Vrouw van der Meulen’s eyes shot suspiciously from agent to schout and then back again. Behind them they could hear the muffled lowing of the van der Meulen cattle as Staats forked down hay from the barn’s rafters. Meintje didn’t return the agent’s greeting, but merely stepped back and pulled the door open for them to enter.

Inside, it was heaven. The front room, which ran the length of the house and occupied the lion’s share of its space — there were smaller sleeping quarters in back — was warm as a featherbed with a good wife and two dogs in it. Flickering coals glowed in the huge hearth and the big blackened pot that hung over them gave off the most intoxicating aroma of meat broth. There were loaves in the beehive oven — Joost could smell them, ambrosia and manna — and a little spider pot of corn mush crouched over a handful of coals on the hearthstone. The kas doors were open and the table half set. In the far corner, an old water dog wearily lifted its head and two white-haired van der Meulen children gazed up at them with the look of cherubim.

“Well,” Meintje said finally, closing the door behind them, “whatever could bring the honorable commis and his colleague the schout to our lonely farm on such a night?”

Joost’s back was not nearly so bowed as when he was mounted, yet he still slumped badly. Working the plumed hat in his hands, he slouched against the doorframe and attempted an explanation. “Van Brunt,” he began, but was cut off by the officious agent, who laid out the patroon’s case against Harmanus’ sad and solitary heir as if he were pleading before a court of the accused’s peers (though of course there was neither need nor precedent for such a court, as the patroon was judge, jury and prosecutor on his own lands, and paid the schout and hangman to take care of the rest). He ended, having in the process managed to edge closer to the hearth and its paradisaic aromas, by attesting that they’d followed the malefactor’s trail right on up to the goude vrouw’s doorstep.
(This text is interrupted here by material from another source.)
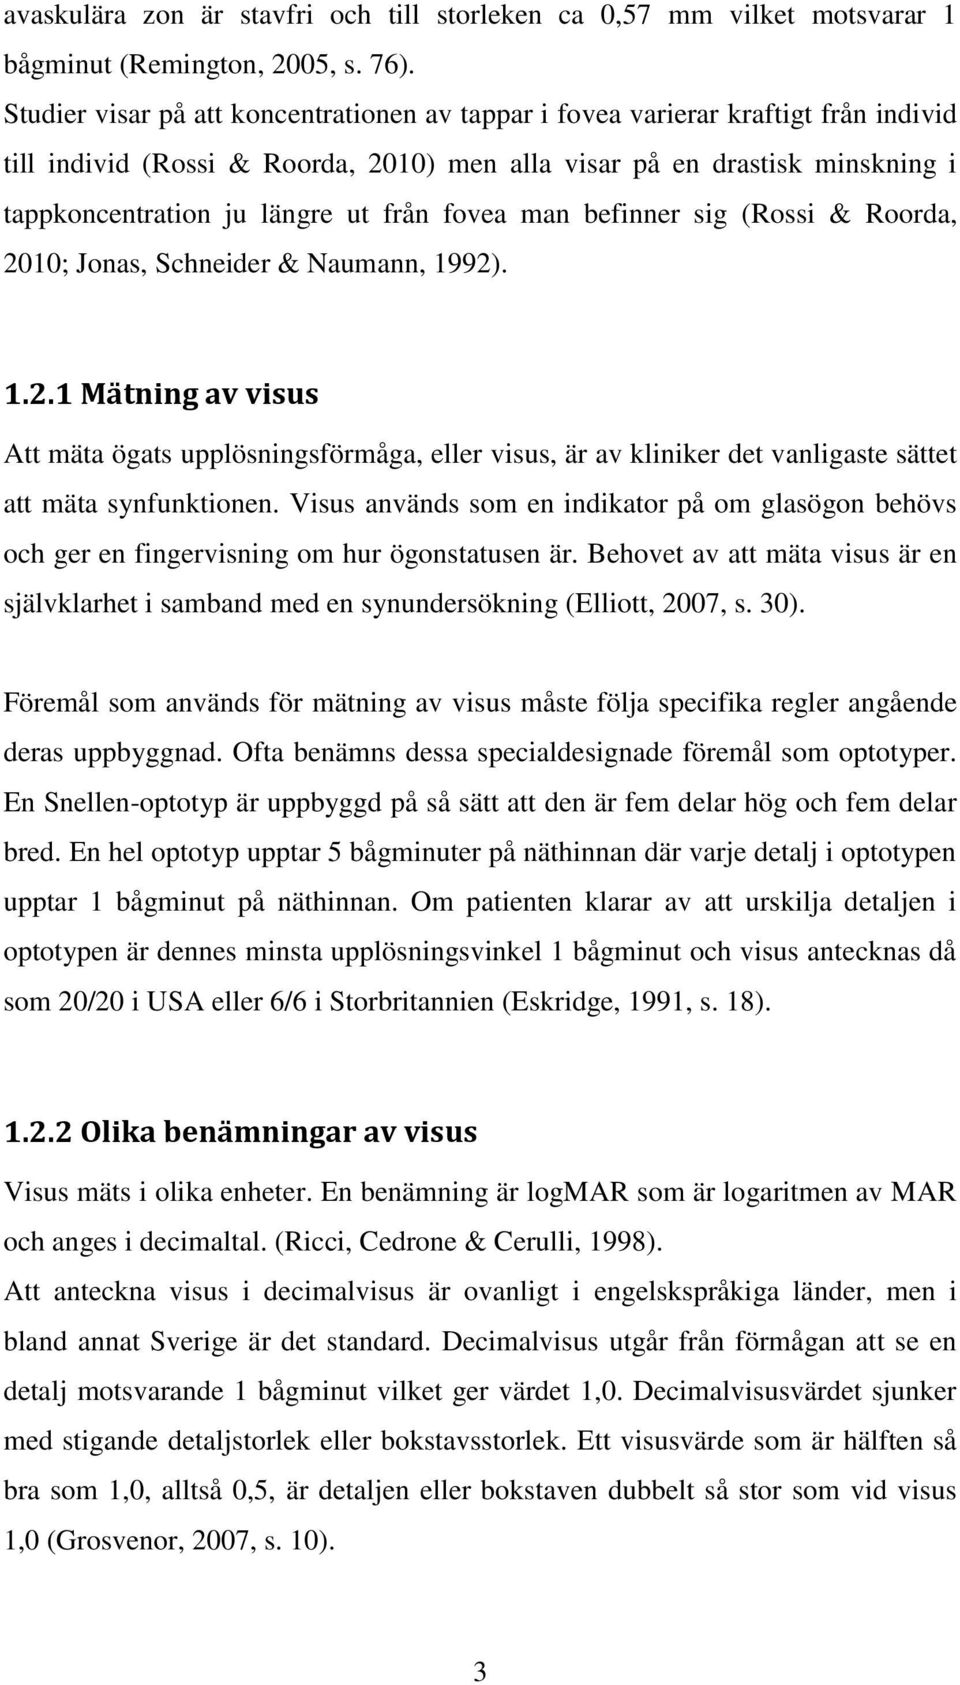 fovea man befinner sig (Rossi & Roorda, 2010; Jonas, Schneider & Naumann, 1992). 1.2.1 Mätning av visus Att mäta ögats upplösningsförmåga, eller visus, är av kliniker det vanligaste sättet att mäta synfunktionen.

Meintje waited until he’d finished and then she plucked a wooden spoon from the cupboard and began to curse him — curse them—Joost, to his horror, equally indicted in her wrath. They were the criminals — no, worse, they were fiends, cloven-hoofed duyvils, followers of Beelzebub and his unholy tribe. How could they even think to hound the poor orphaned child from the only home he knew? How could they? Were they Christians? Were they men? Human beings even? For a full five minutes Meintje excoriated them, all the while brandishing the wooden spoon like the sword of righteousness. With each emphatic gesture she backed the agent up till he’d given over his hard-won place at the hearth and found himself pressing his buttocks to the cold unyielding planks of the door as if he would melt into them, while Joost slumped so low in shame and mortification he could have unbuckled his boots with his teeth.